▶ **Exercise details**
Give a verbatim copy of the data, leaving the pictures out.

▶ **Supplied data**
/---

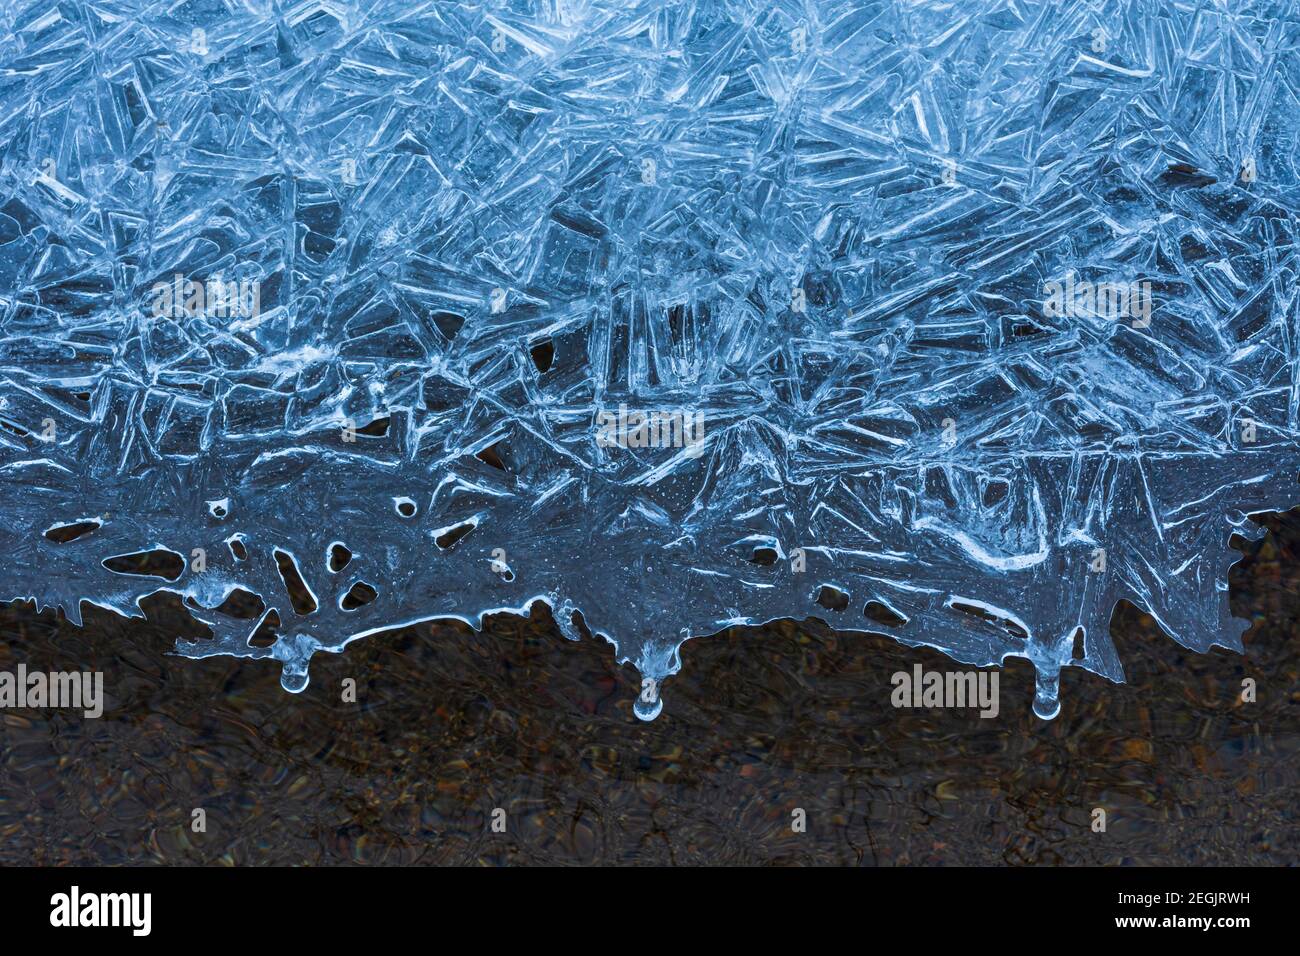 Einzigartige Muster in Eis gebildet, mit einer gefrorenen Schicht über klarem fließendem Wasser von East Plum Creek, Castle Rock Colorado USA. Foto aufgenommen im Februar. Stockfoto
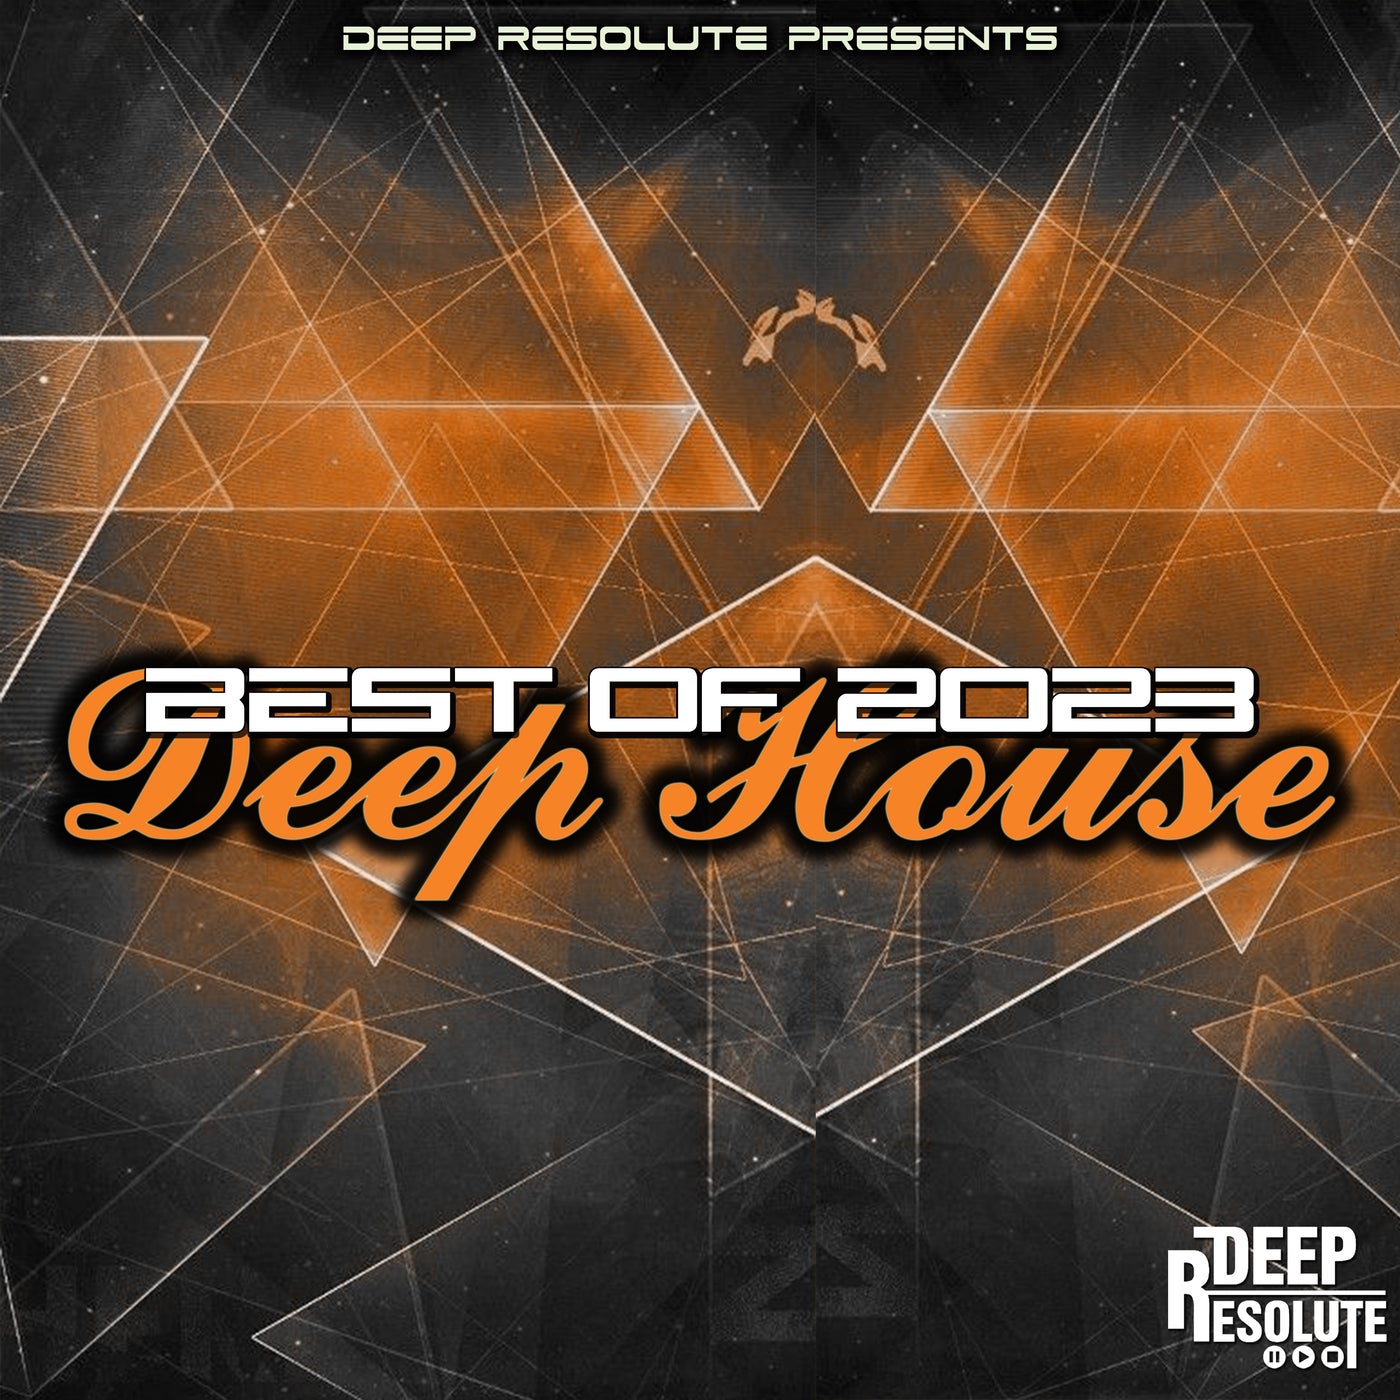 Best Of 2023 Deep House
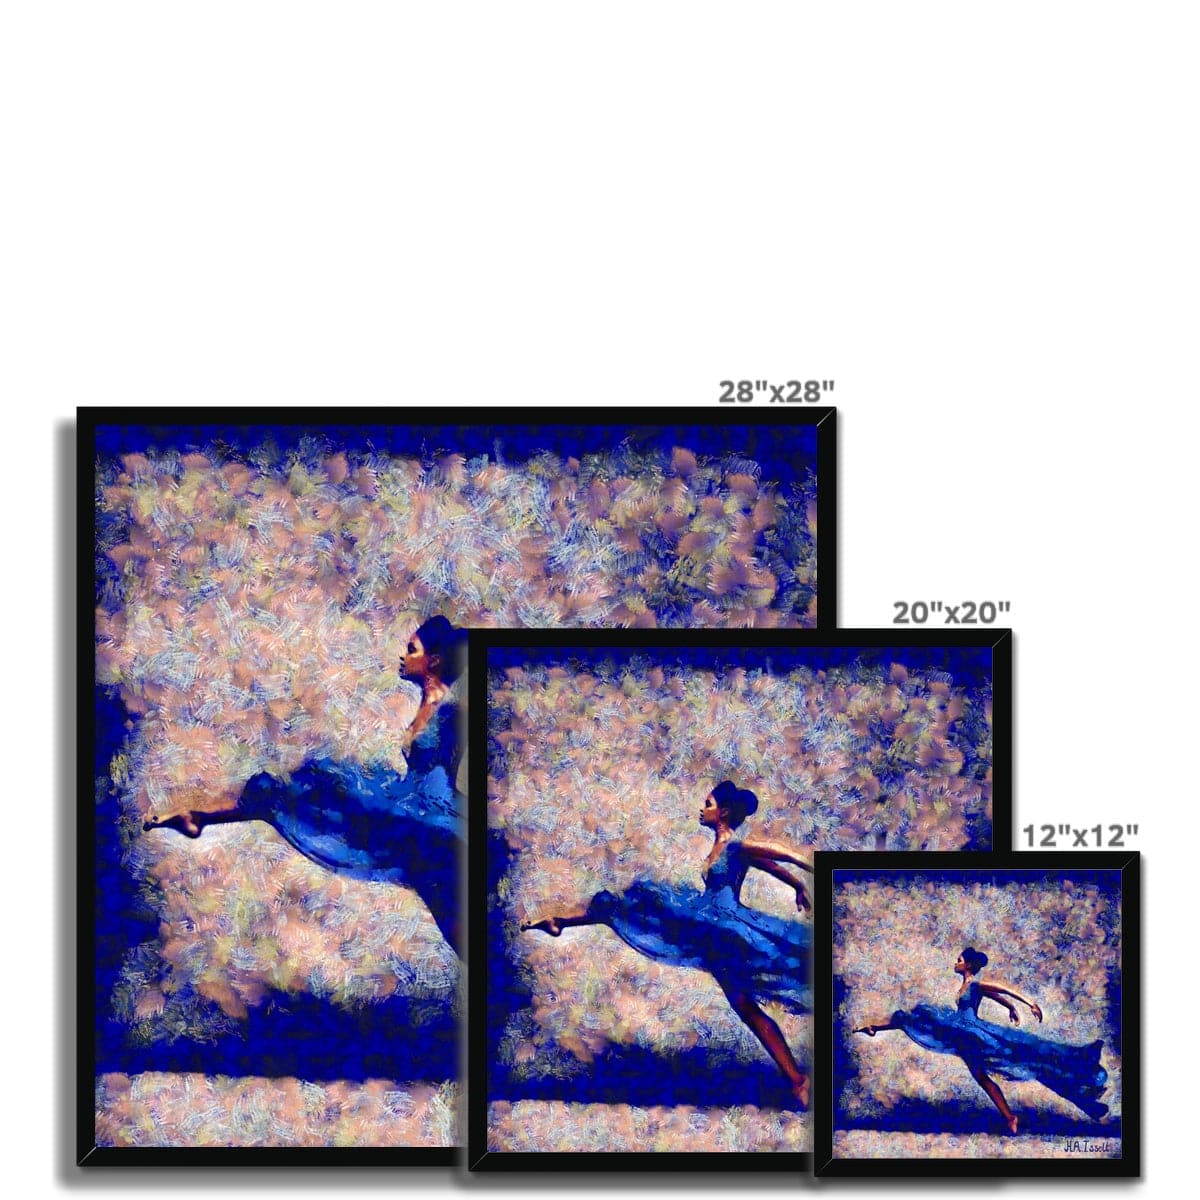 Dansa Moderna - Ballerina in Blue Framed Print
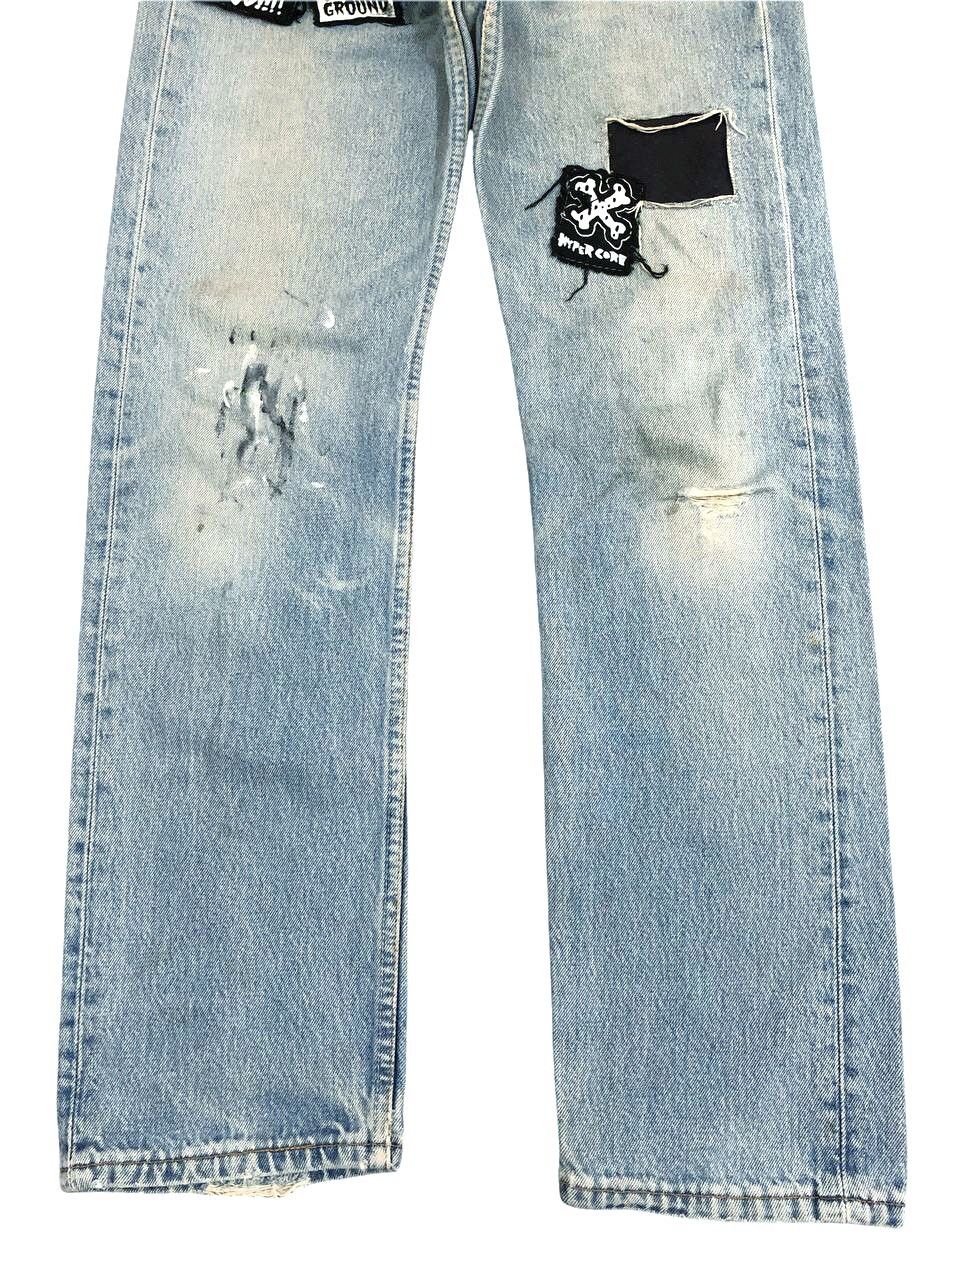 Vintage Vintage Levis Distressed Custom Patch Punk Jeans Size US 27 - 5 Thumbnail

\---

▶ **Answer to the exercise**
 Einzigartige Muster in Eis gebildet, mit einer gefrorenen Schicht über klarem fließendem Wasser von East Plum Creek, Castle Rock Colorado USA. Foto aufgenommen im Februar. Stockfoto
 Best Of 2023 Deep House
 Dansa Moderna - Ballerina in Blue Framed Print
 Vintage Vintage Levis Distressed Custom Patch Punk Jeans Size US 27 - 5 Thumbnail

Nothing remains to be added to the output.